Information shown Start Marker

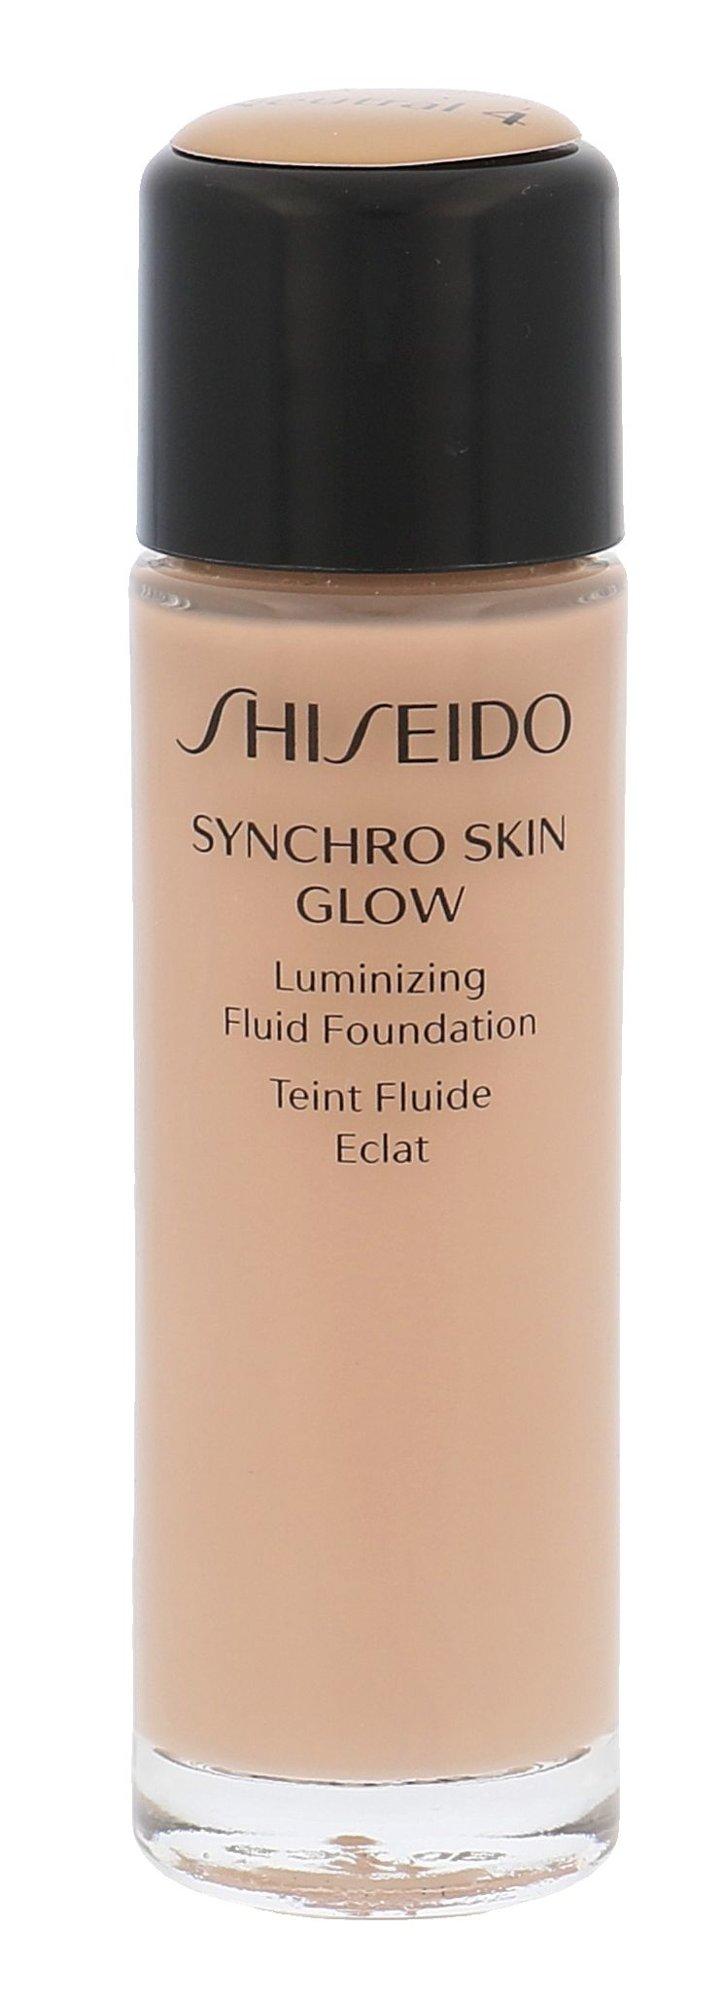 Shiseido Synchro Skin Glow Cosmetic 10ml Neutral 4
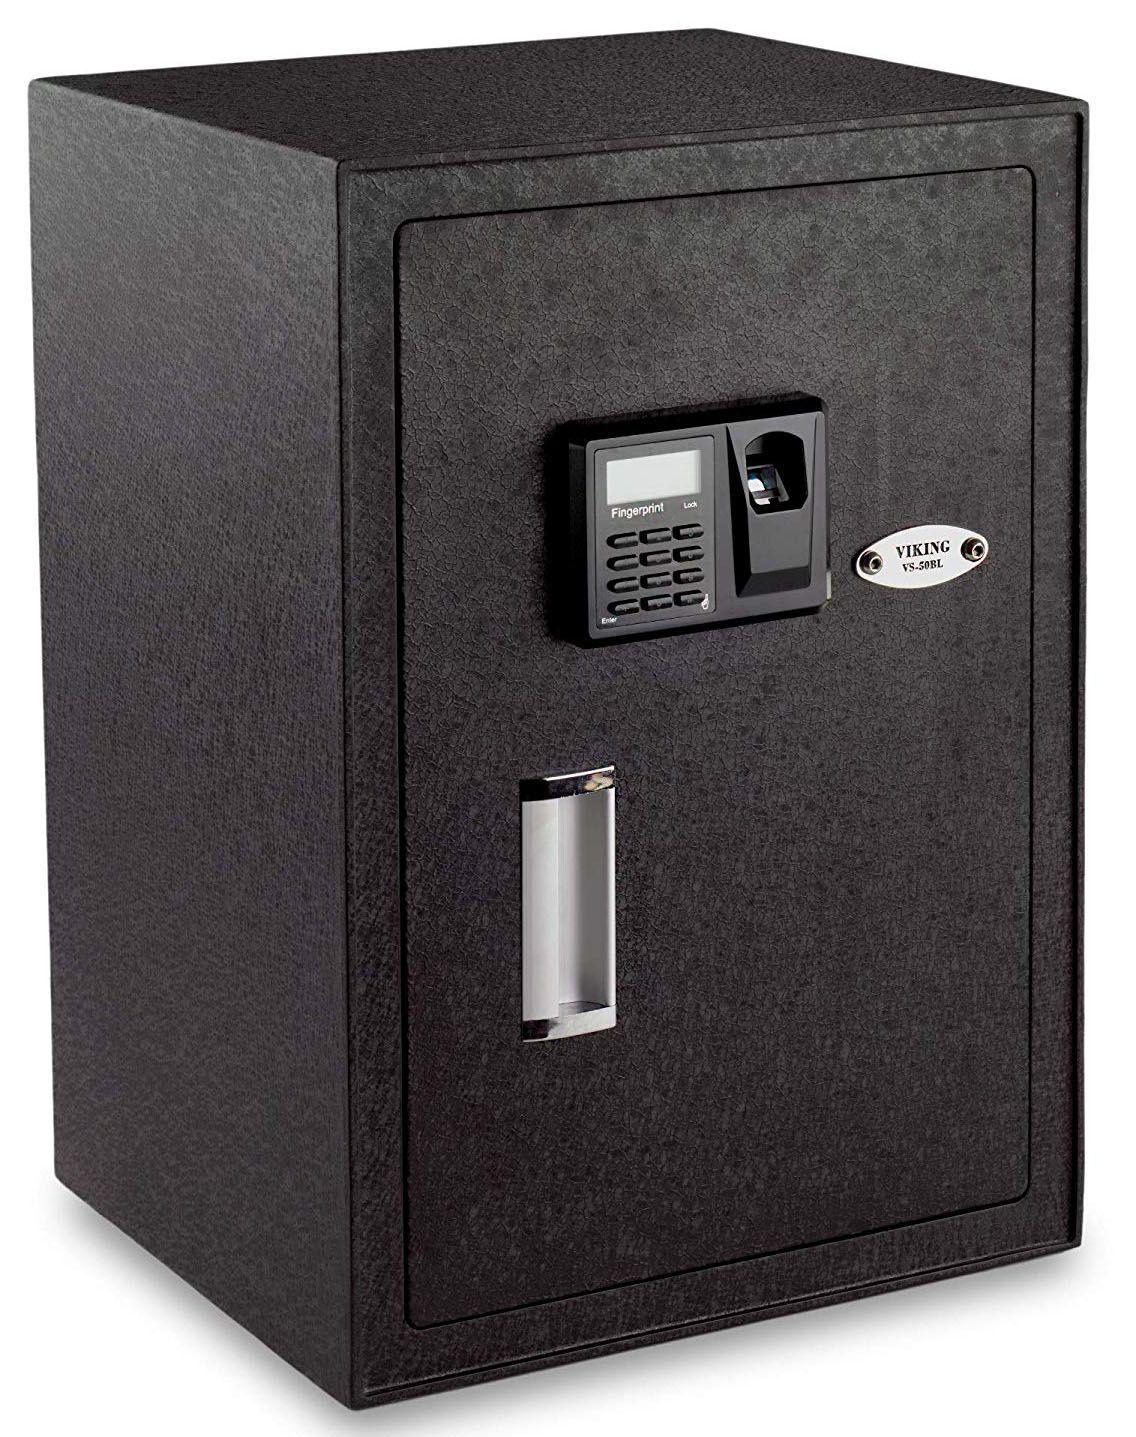 Large Bio metric safe Made of steel Upgraded 500 DPI
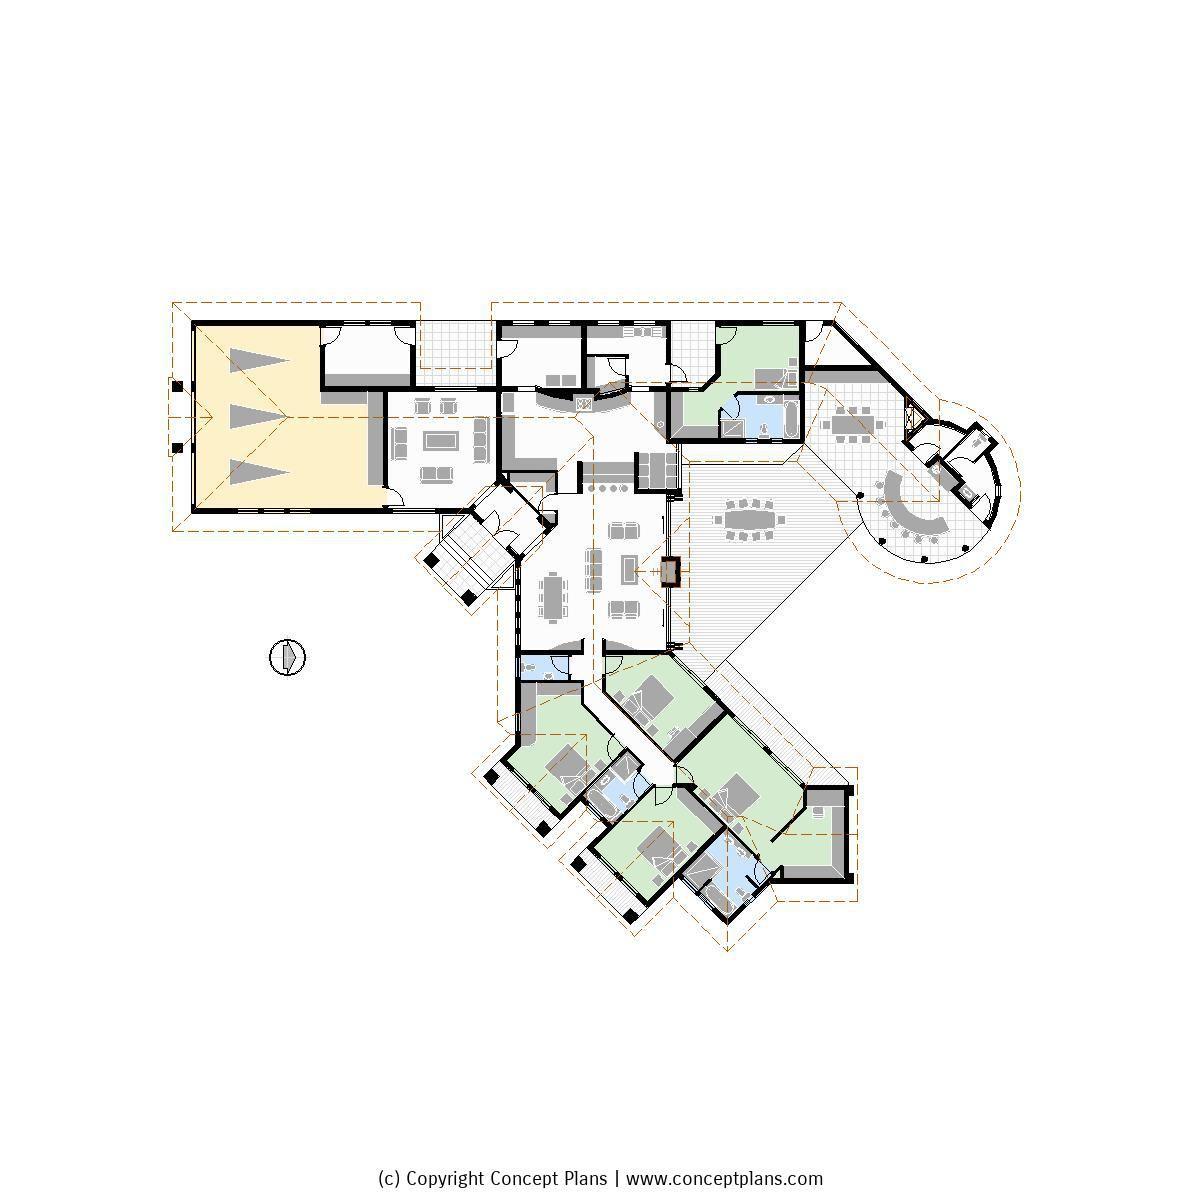 cp0497 1 5s4b3g house floor plan pdf cad - Versand Container Huser Plne Pdf
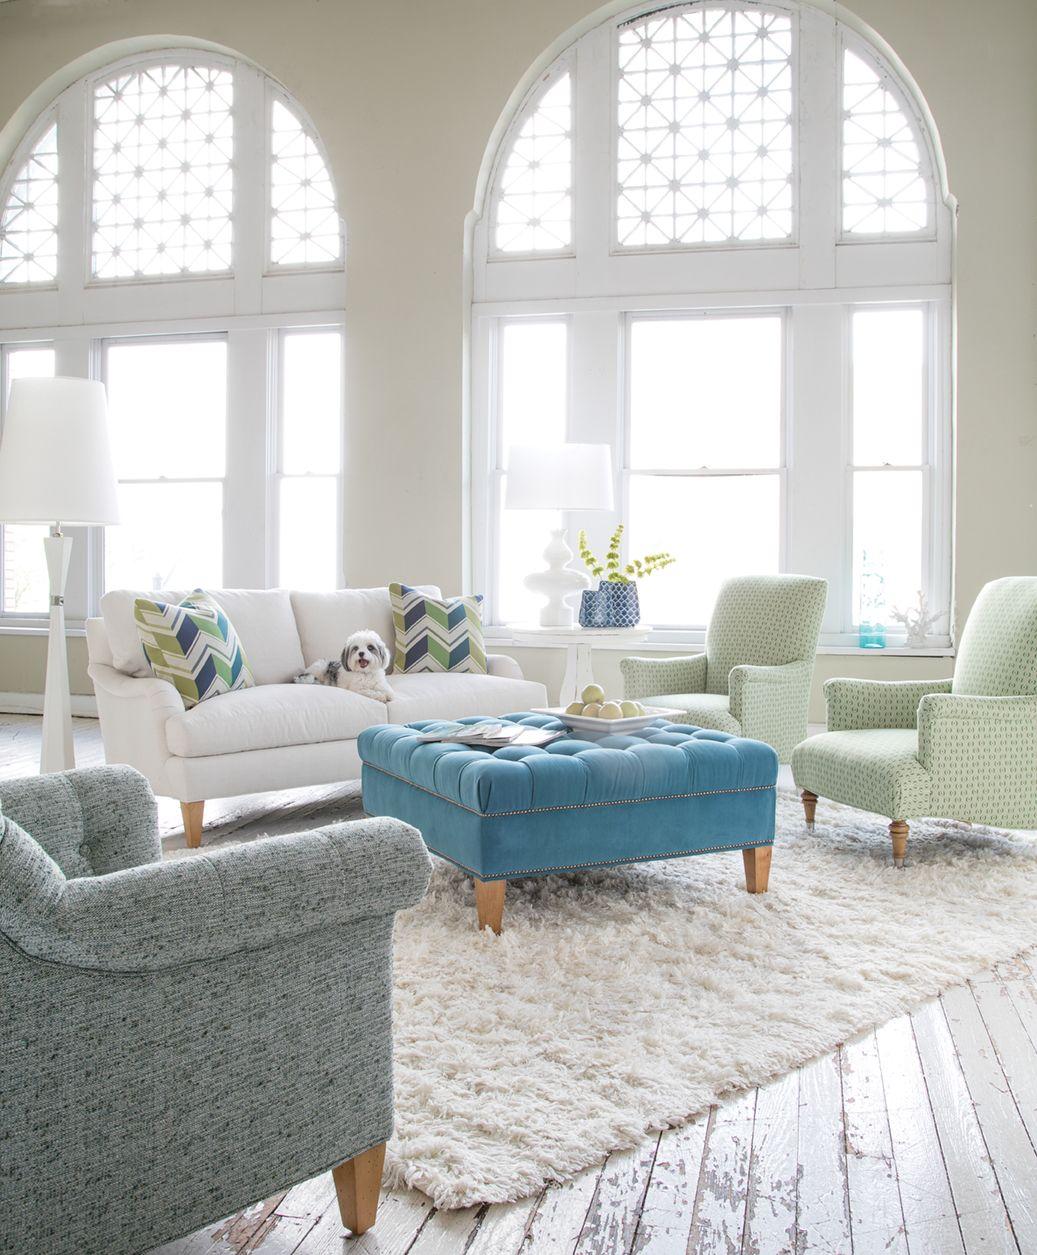 Crypton home fabrics because pets love comfy furniture too sofa chair ottoman performance fabric

Information shown End Marker

## Instructions for the task:
With the pictures omitted, copy exactly the lines from the line that contains "cp0497 1 5s4b3g" through the end of the material.

## Answer to this exercise:
 cp0497 1 5s4b3g house floor plan pdf cad - Versand Container Huser Plne Pdf
 Crypton home fabrics because pets love comfy furniture too sofa chair ottoman performance fabric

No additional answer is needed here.